Supplied material –

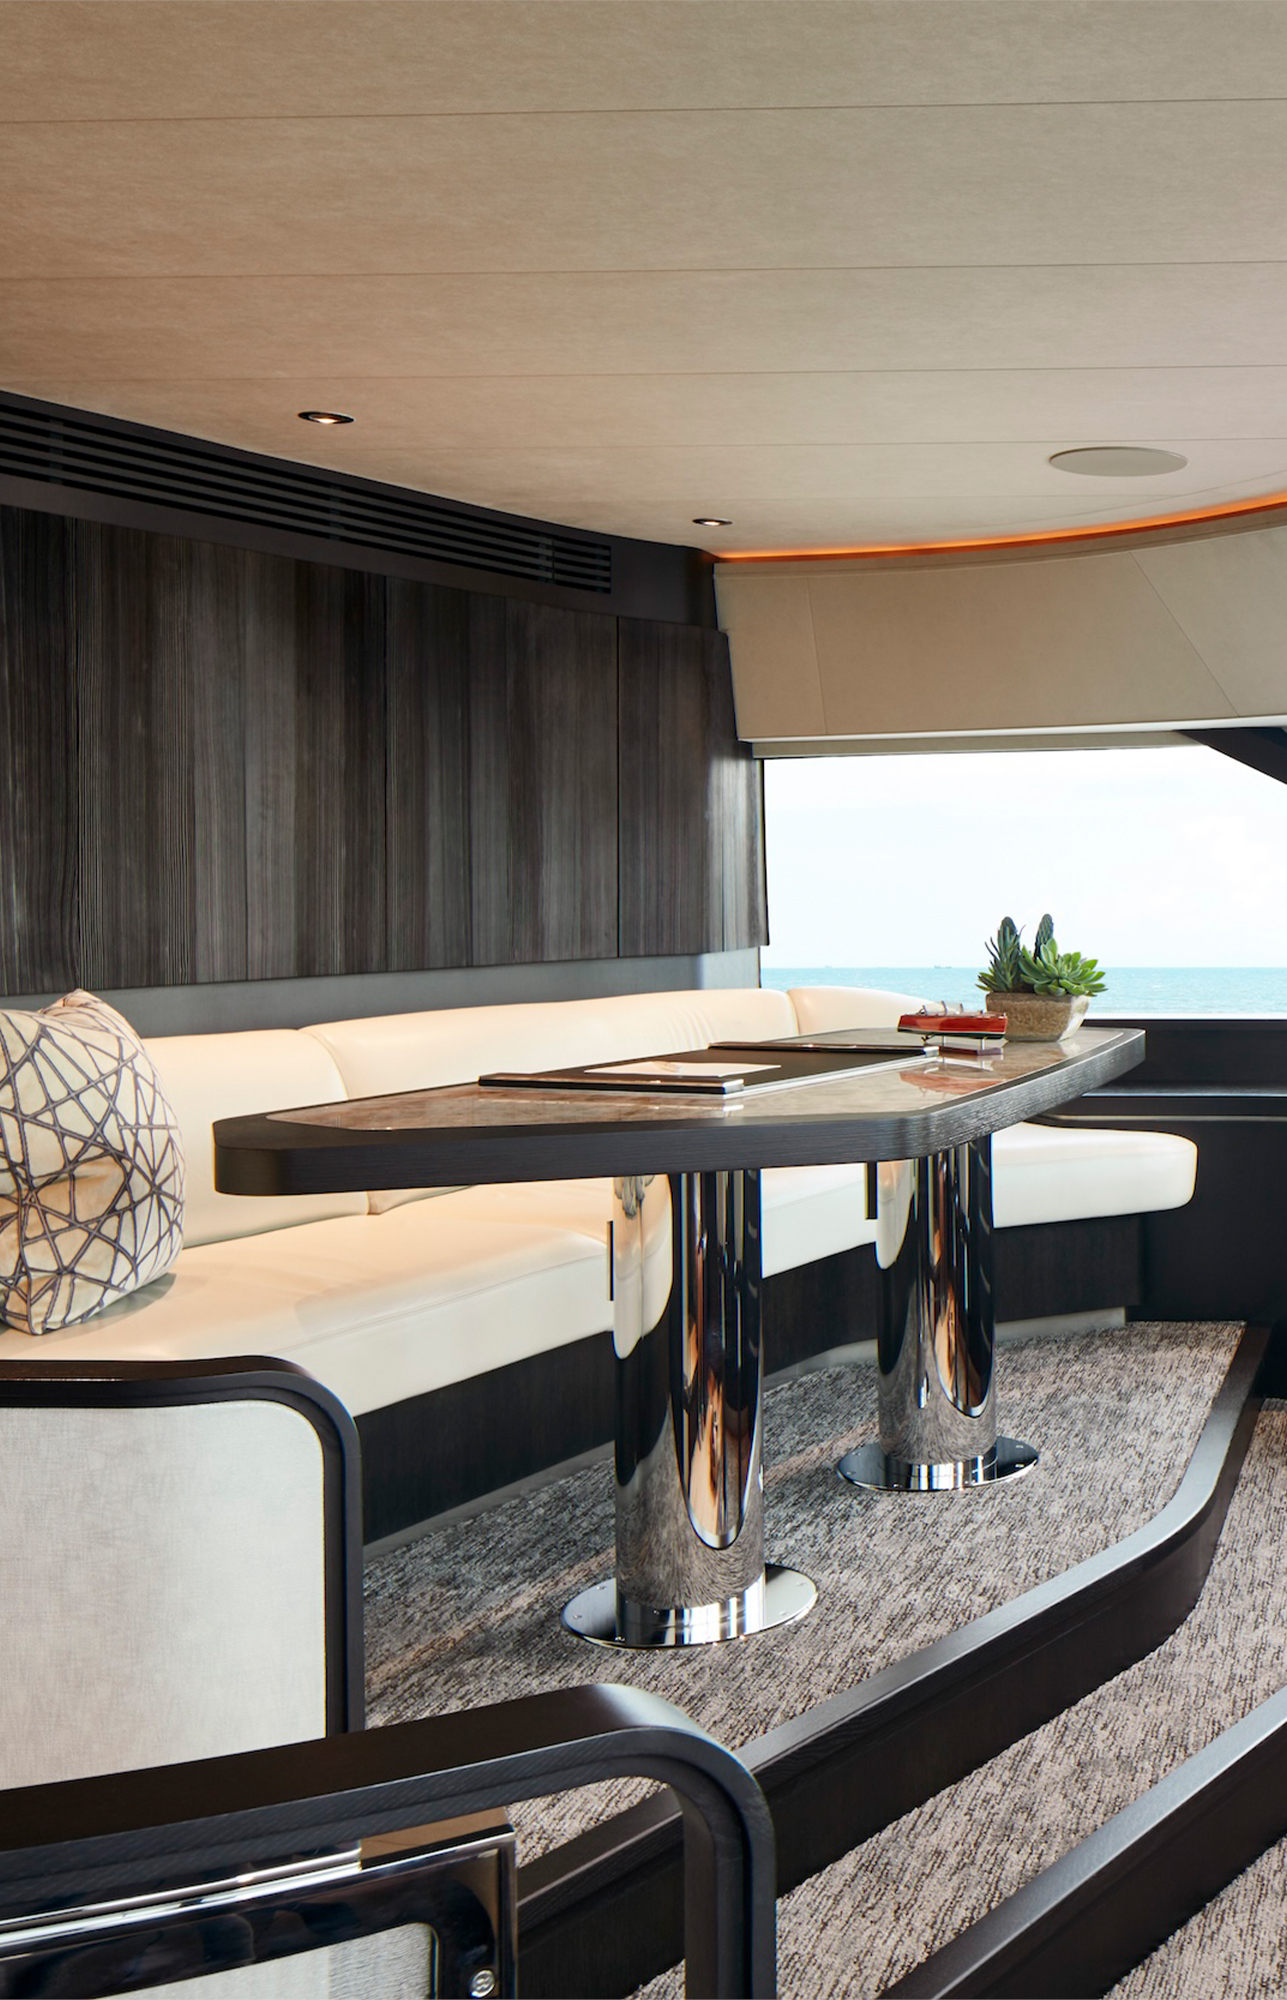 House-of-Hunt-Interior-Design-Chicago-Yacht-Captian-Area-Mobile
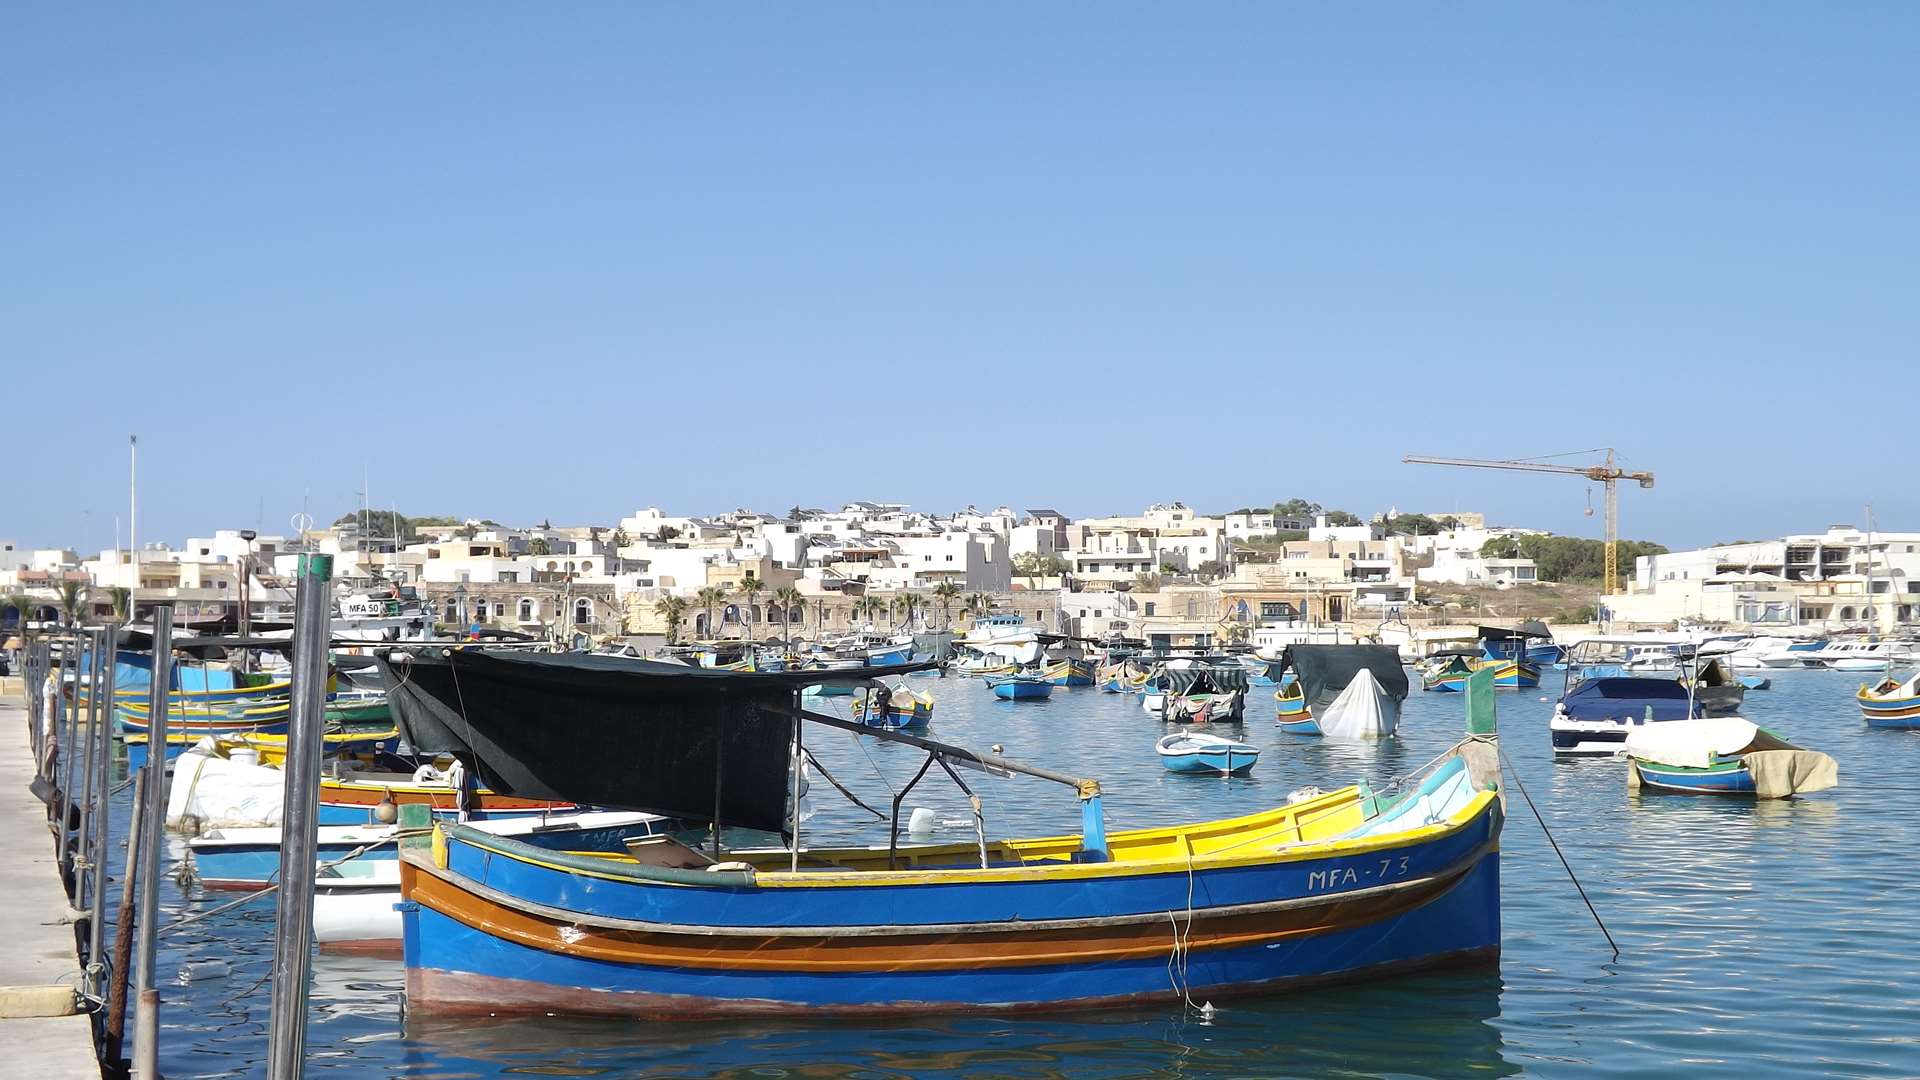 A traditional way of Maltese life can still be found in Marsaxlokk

---

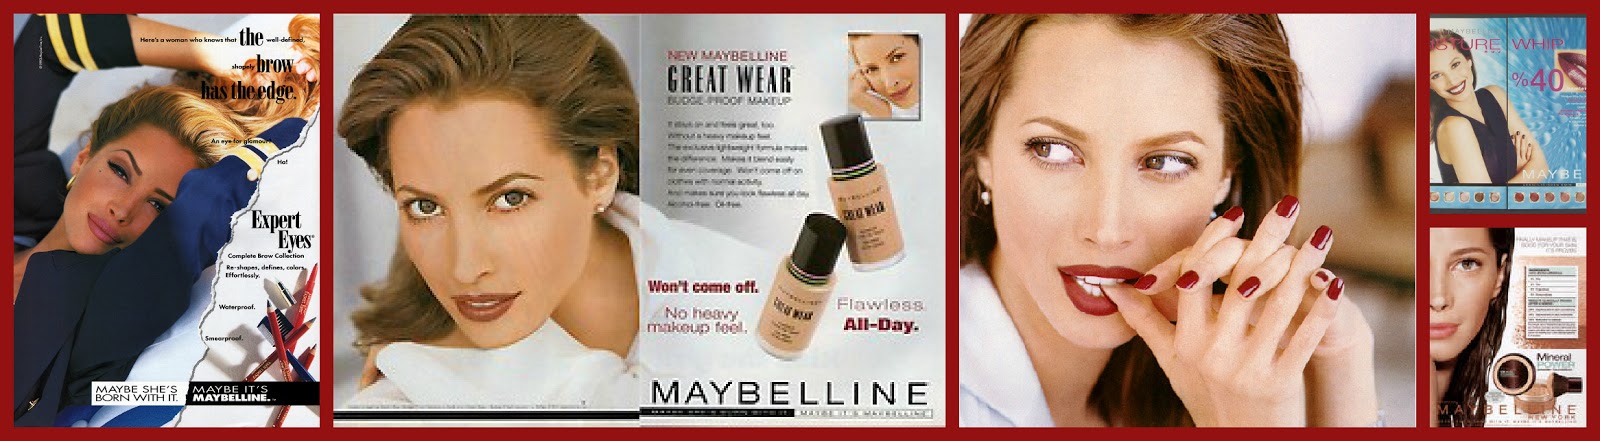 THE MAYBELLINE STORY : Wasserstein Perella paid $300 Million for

What the task asks –
Reproduce exactly the lines above that run from the one with "House-of-Hunt-Interior-Design-Chicago-Yacht-Captian-Area-Mobile" to the one with "A traditional way", both included, leaving pictures out.

Response –
 House-of-Hunt-Interior-Design-Chicago-Yacht-Captian-Area-Mobile
 A traditional way of Maltese life can still be found in Marsaxlokk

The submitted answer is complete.